» Your goal:
A verbatim reproduction of the following listing is required; omit the pictures.

» Data block:
━━━━━━━━━━

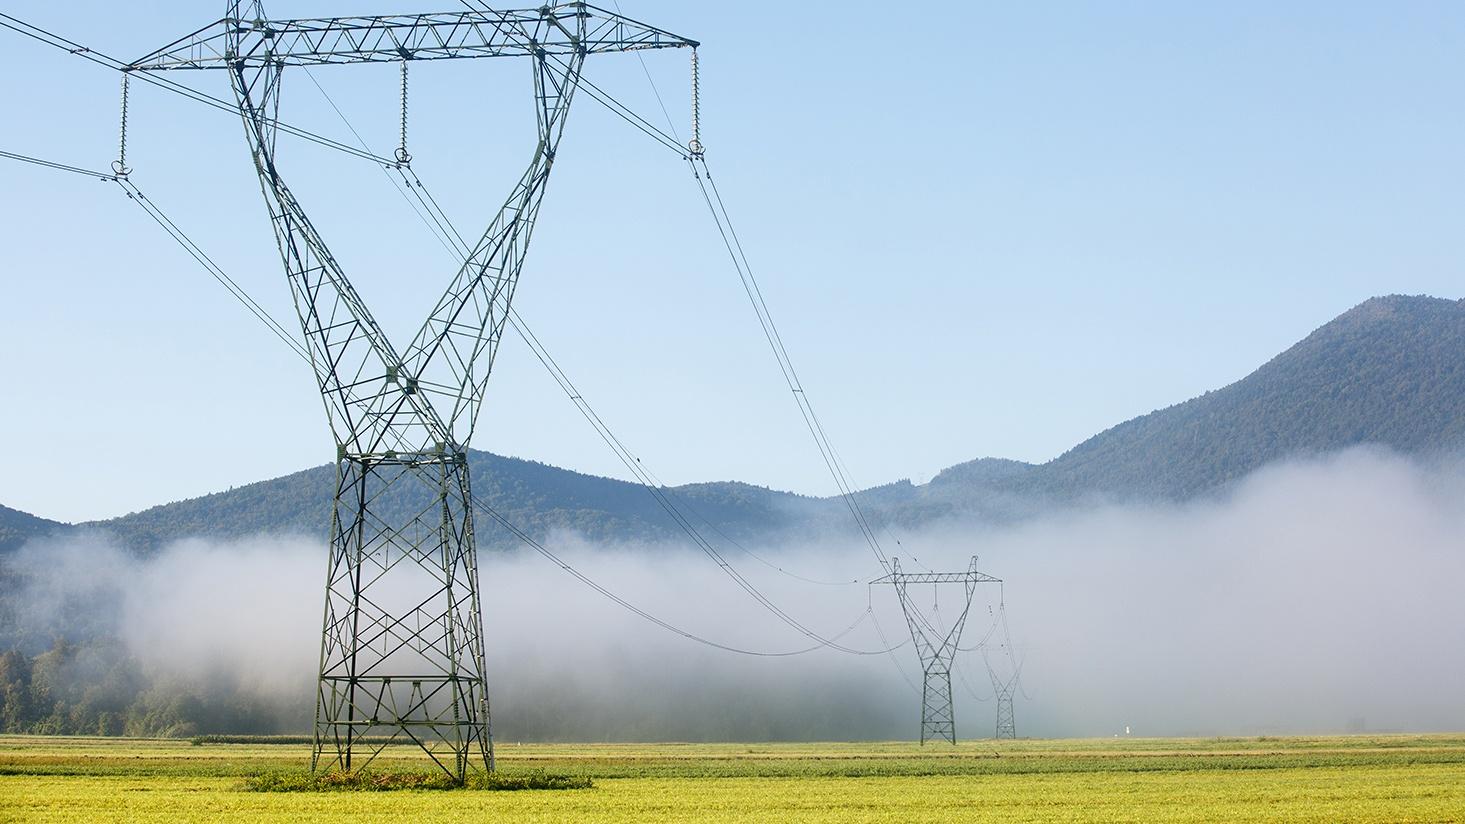 bigstock-Big-Electricity-High-Voltage-P-103791281.jpg
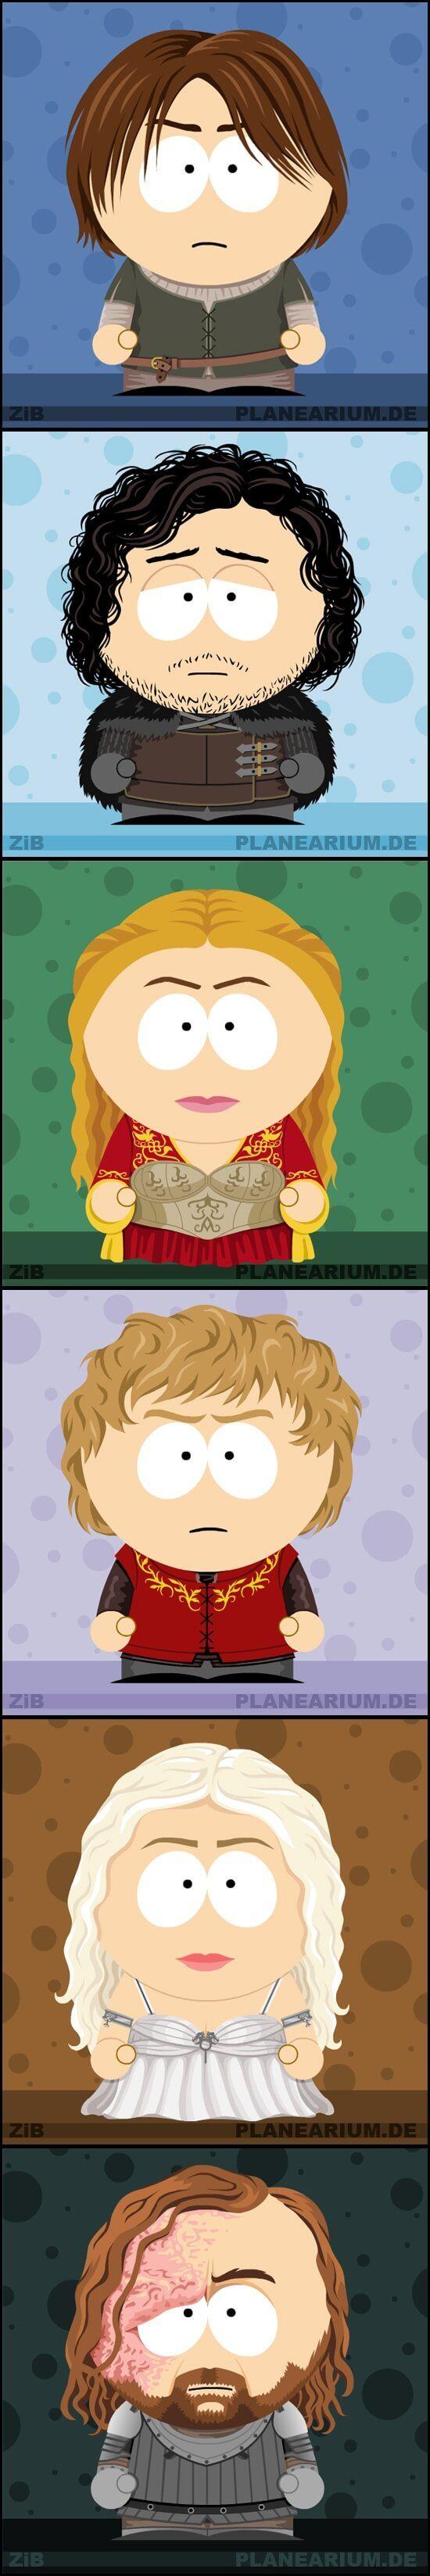 Arya Stark, Jon Snow, Cersei Lannister, Tyrion Lannister, Daenerys Targaryen and Sandor Clegane, aka The Hound, as South Park characters
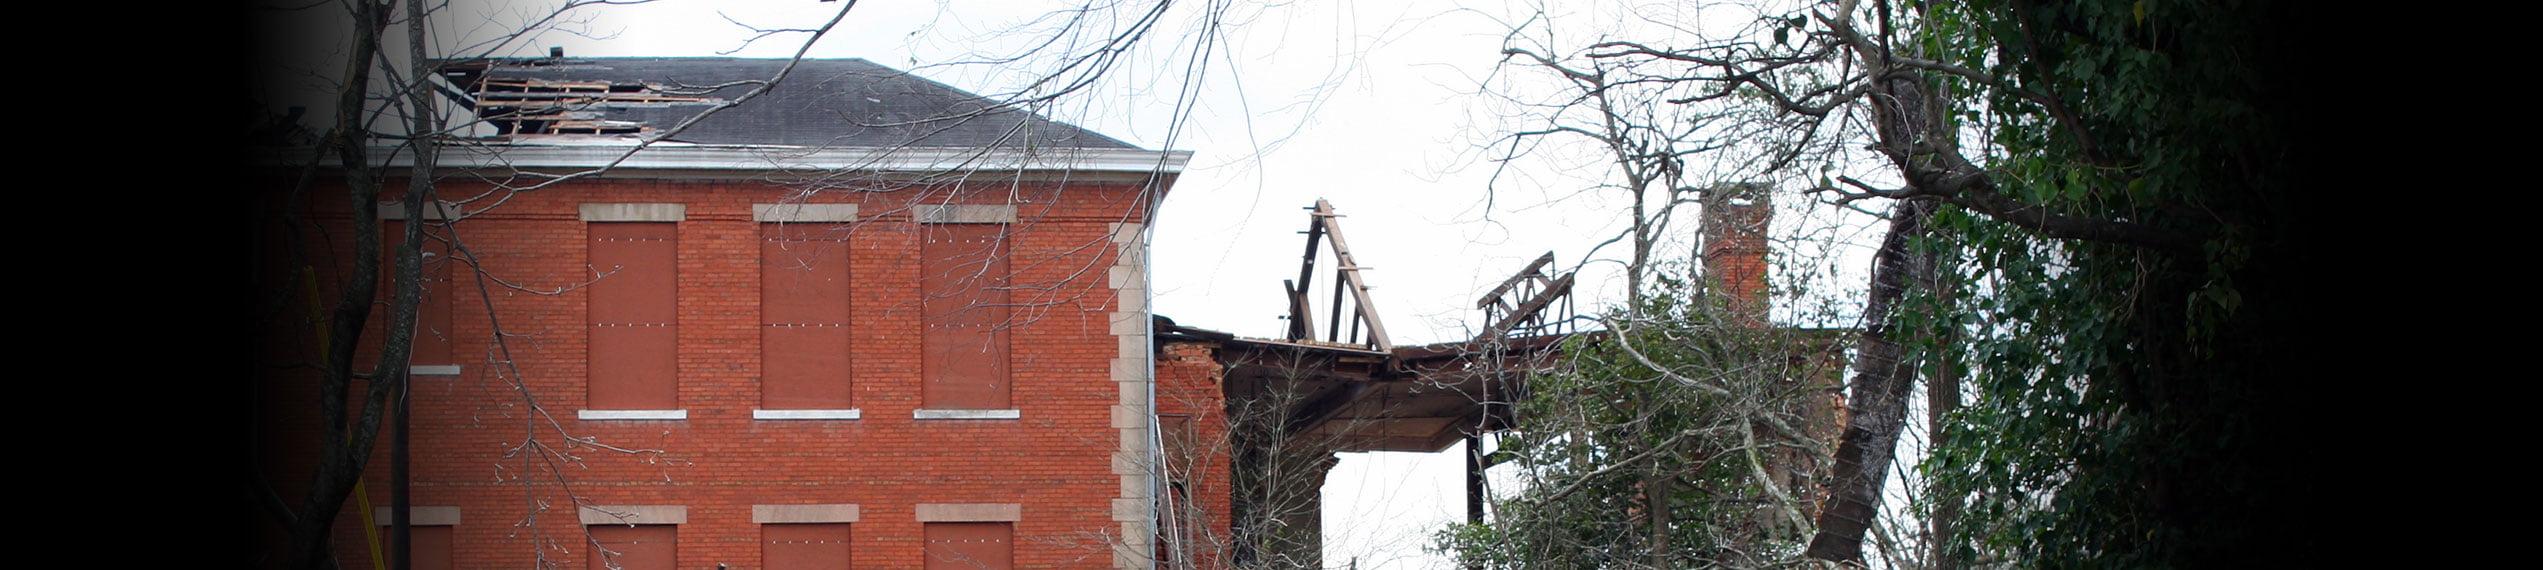 Wind & Storm Damage Repairs in Paul Davis Restoration & Remodeling of Greater Charleston

━━━━━━━━━━

» Solution to the exercise:
 bigstock-Big-Electricity-High-Voltage-P-103791281.jpg
 Arya Stark, Jon Snow, Cersei Lannister, Tyrion Lannister, Daenerys Targaryen and Sandor Clegane, aka The Hound, as South Park characters
 Wind & Storm Damage Repairs in Paul Davis Restoration & Remodeling of Greater Charleston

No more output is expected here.